Sometimes the virus doesn’t kill the cell directly. Your immune system does. Cytotoxic lymphocytes, a category that includes killer T cells and natural killer cells, patrol the body looking for cells that display viral fragments on their surface. When they find one, they deliver a lethal payload through a two-component system.

First, the immune cell releases a protein called perforin, which embeds in the infected cell’s membrane and creates a delivery channel. Through that channel, it injects enzymes called granzymes that activate the cell’s apoptosis program from the inside. Studies in mice engineered to lack perforin show that it is essential for this killing mechanism to work. This immune-mediated destruction is the primary way the body clears virus-infected cells, and it’s effective, but it comes at a cost. In severe infections, the immune system may destroy so many infected cells that the tissue damage itself becomes dangerous, which is part of what makes diseases like severe COVID-19 or hepatitis so harmful to organs.
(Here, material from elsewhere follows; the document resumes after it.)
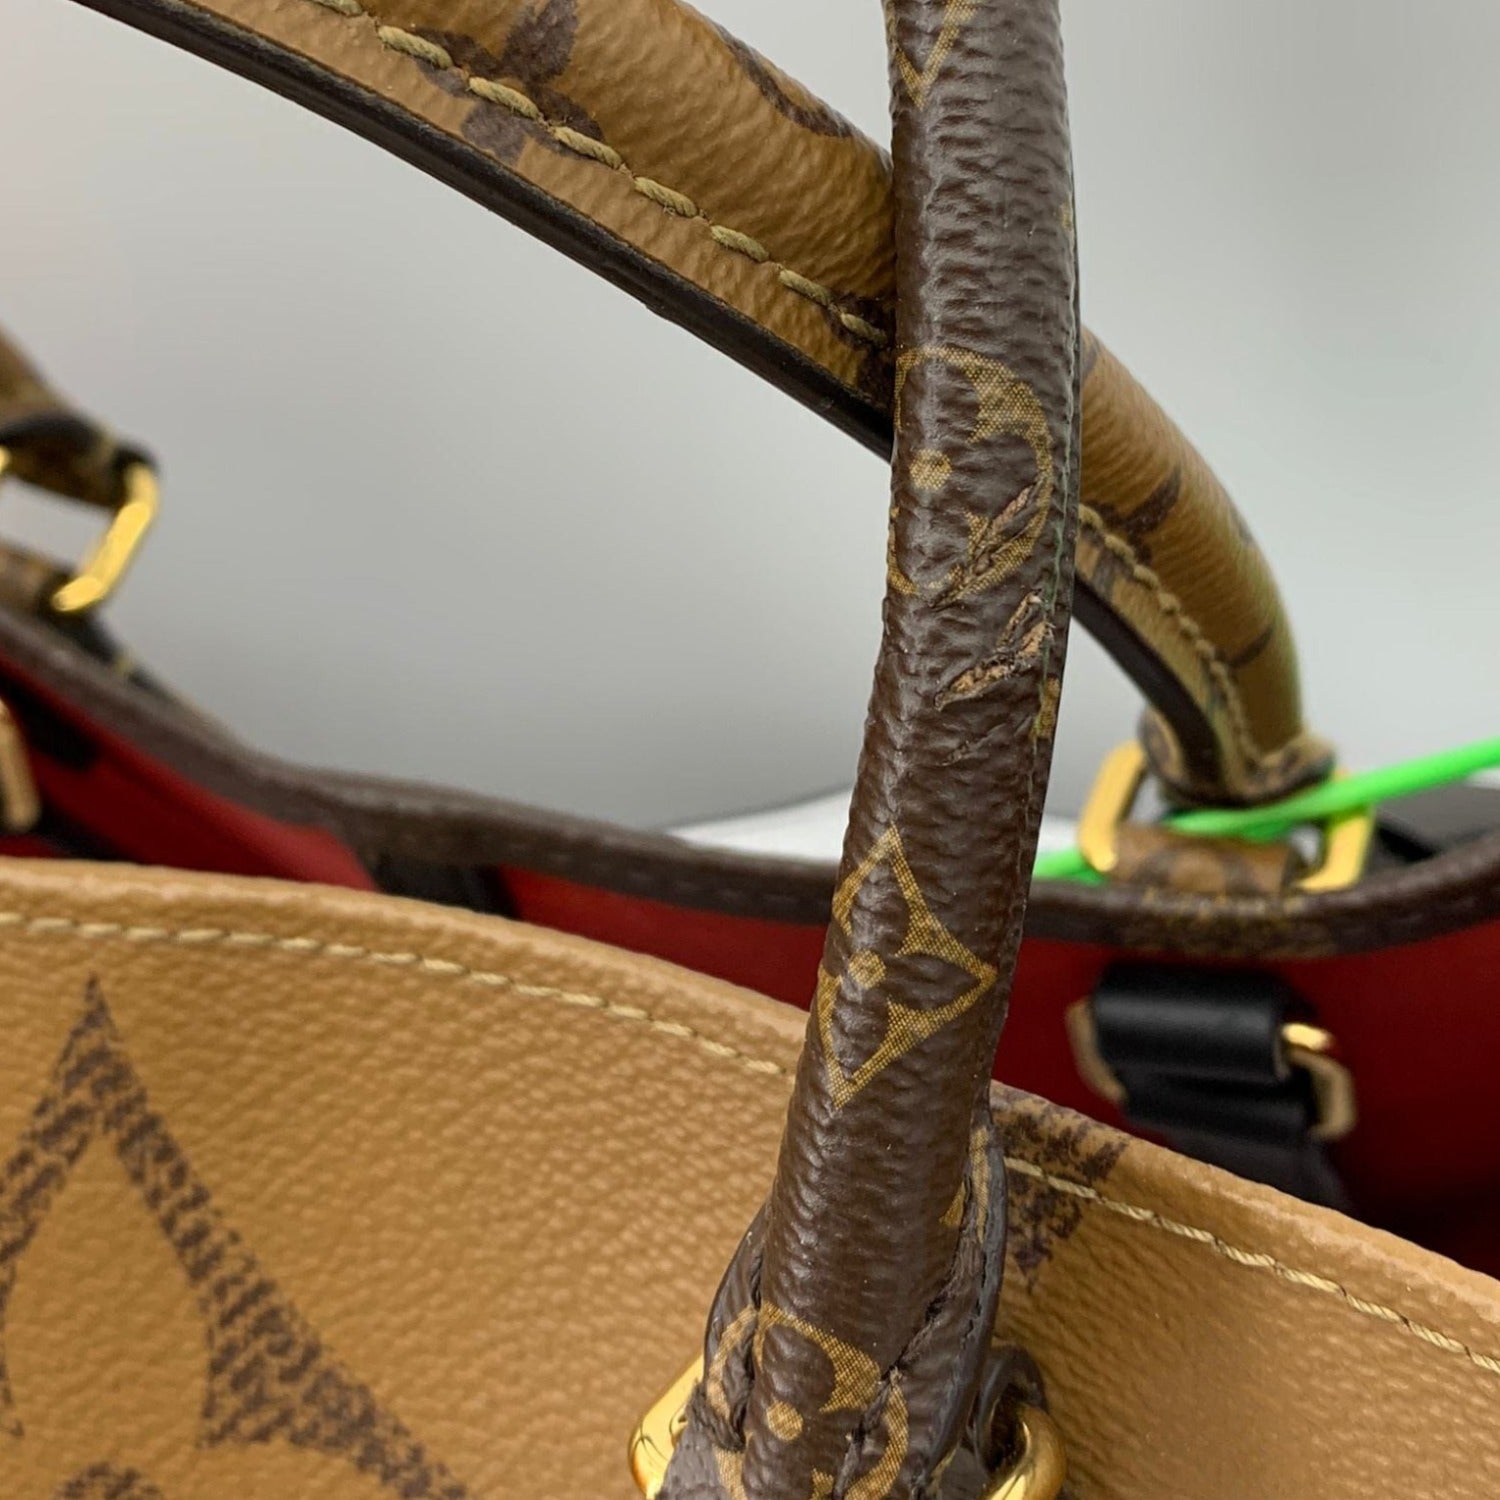 louis vuitton on the go tote bag

Visible Signs of Cell Death

When researchers grow cells in a lab dish and infect them with viruses, the damage is visible under a microscope as what’s called cytopathic effect. The earliest sign is usually cell rounding, where normally flat, spread-out cells pull into spheres as their internal skeleton breaks down. Other visible changes include the formation of syncytia (giant fused cells with many nuclei) and the appearance of inclusion bodies, which are dense clumps of viral material or altered cell components visible inside the nucleus or the surrounding cytoplasm. These visual signatures are still one of the primary ways laboratories identify and diagnose viral infections in cell cultures, and they reflect the same destructive processes happening inside your body during an infection.